FactorColumnOp¶
- class FactorColumnOp(parameters)[source]
Append to tabular file columns of factors based on column values.
- Required remodeling parameters:
column_name (str): The name of a column in the DataFrame to compute factors from.
- Optional remodeling parameters
factor_names (list): Names to use as the factor columns.
factor_values (list): Values in the column column_name to create factors for.
Notes
If no factor_values are provided, factors are computed for each of the unique values in column_name column.
If factor_names are provided, then factor_values must also be provided and the two lists be the same size.
Methods
|
Constructor for the factor column operation. |
|
Create factor columns based on values in a specified column. |
|
Check that factor_names and factor_values have same length if given. |
Attributes
- FactorColumnOp.__init__(parameters)[source]¶
Constructor for the factor column operation.
- Parameters:
parameters (dict) – Parameter values for required and optional parameters.
- FactorColumnOp.do_op(dispatcher, df, name, sidecar=None)[source]¶
Create factor columns based on values in a specified column.
- Parameters:
dispatcher (Dispatcher) – Manages the operation I/O.
df (DataFrame) – The DataFrame to be remodeled.
name (str) – Unique identifier for the dataframe – often the original file path.
sidecar (Sidecar or file-like) – Not needed for this operation.
- Returns:
A new DataFrame with the factor columns appended.
- Return type:
DataFrame
- static FactorColumnOp.validate_input_data(parameters)[source]¶
Check that factor_names and factor_values have same length if given.
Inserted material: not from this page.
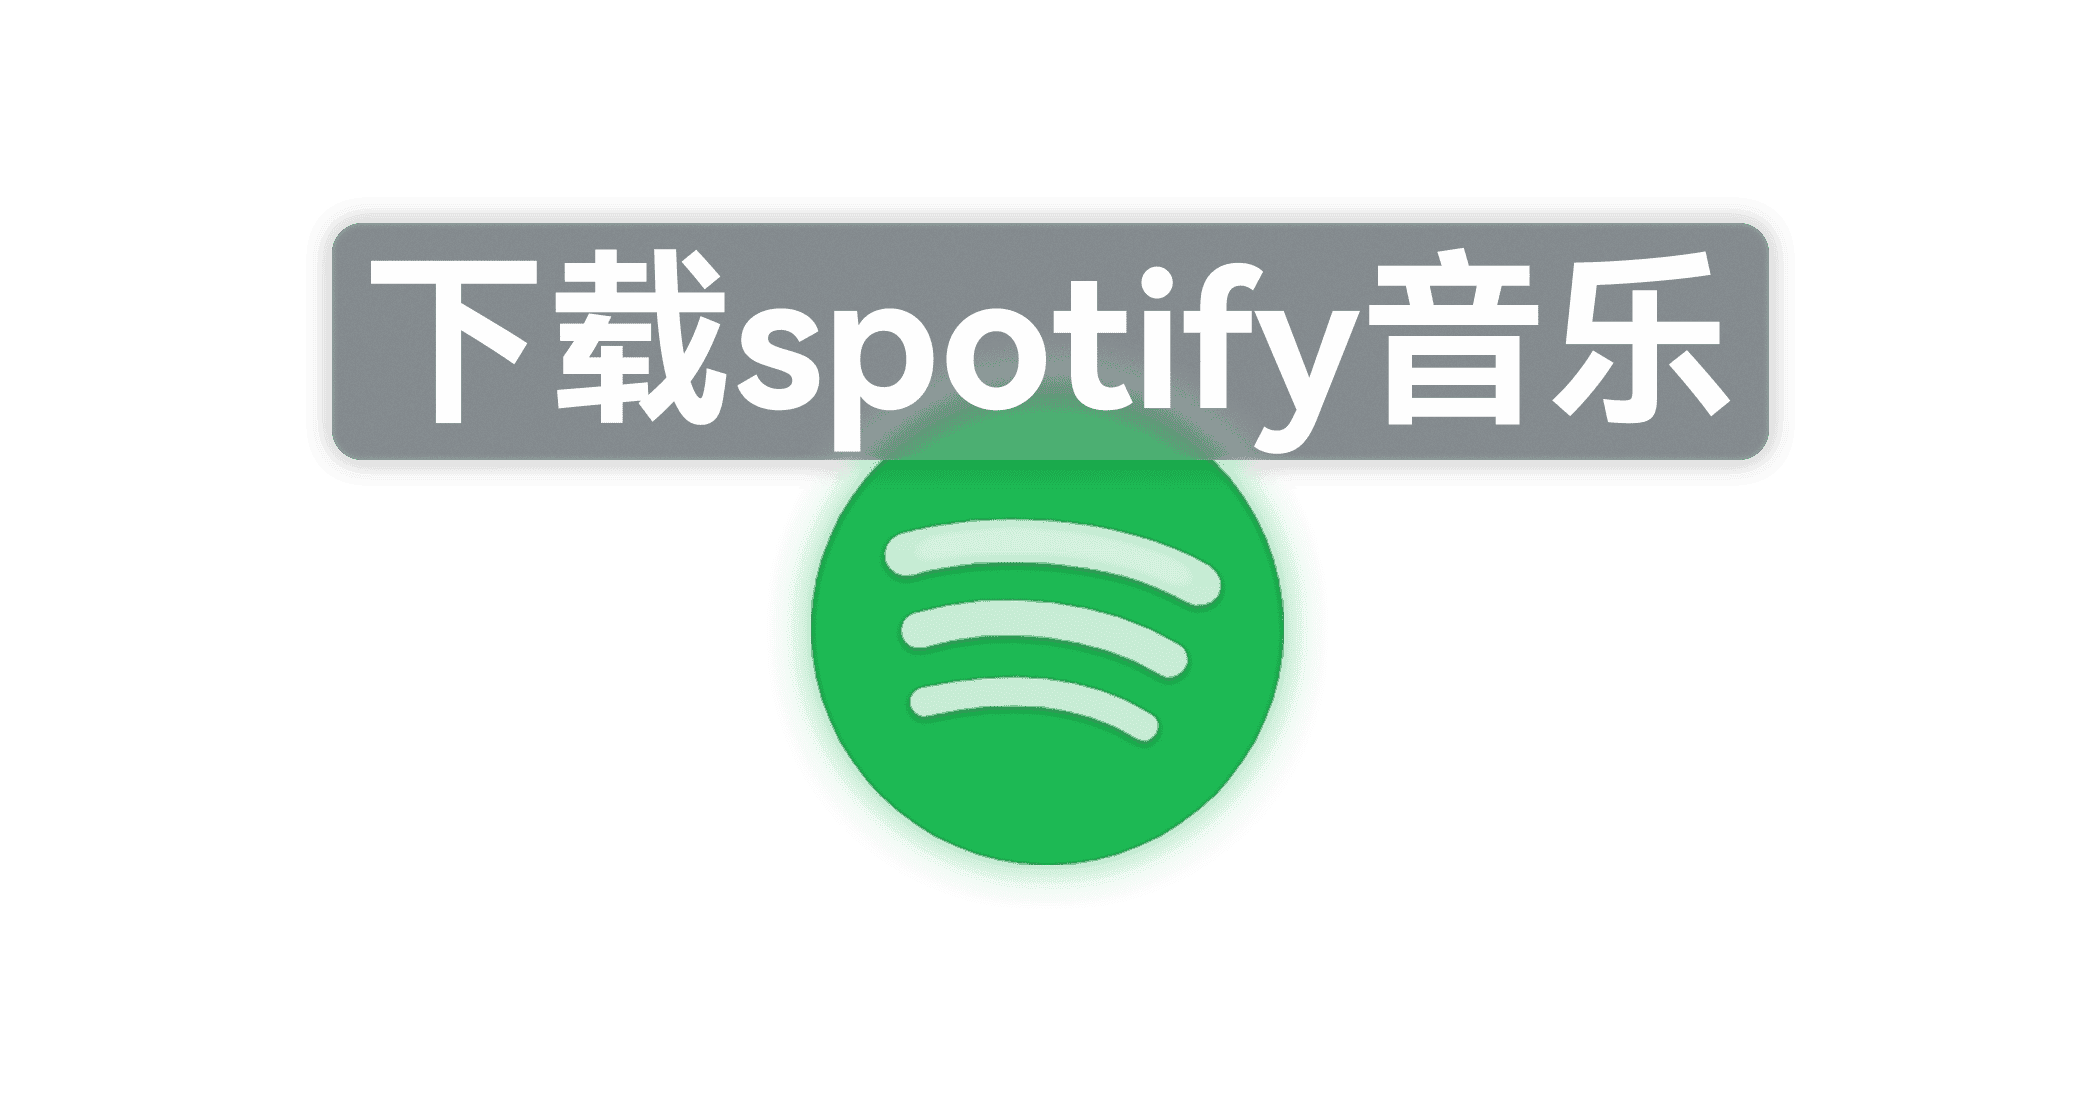 下载 Spotify 音乐-JACK小桔子的小屋

- FactorColumnOp.NAME = 'factor_column'¶
- FactorColumnOp.PARAMS = {'additionalProperties': False, 'dependentRequired': {'factor_names': ['factor_values']}, 'properties': {'column_name': {'description': 'Name of the column for which to create one-hot factors for unique values.', 'type': 'string'}, 'factor_names': {'description': 'Names of the resulting factor columns. If given must be same length as factor_values', 'items': {'type': 'string'}, 'minItems': 1, 'type': 'array', 'uniqueItems': True}, 'factor_values': {'description': 'Specific unique column values to compute factors for (otherwise all unique values).', 'items': {'type': 'string'}, 'minItems': 1, 'type': 'array', 'uniqueItems': True}}, 'required': ['column_name'], 'type': 'object'}¶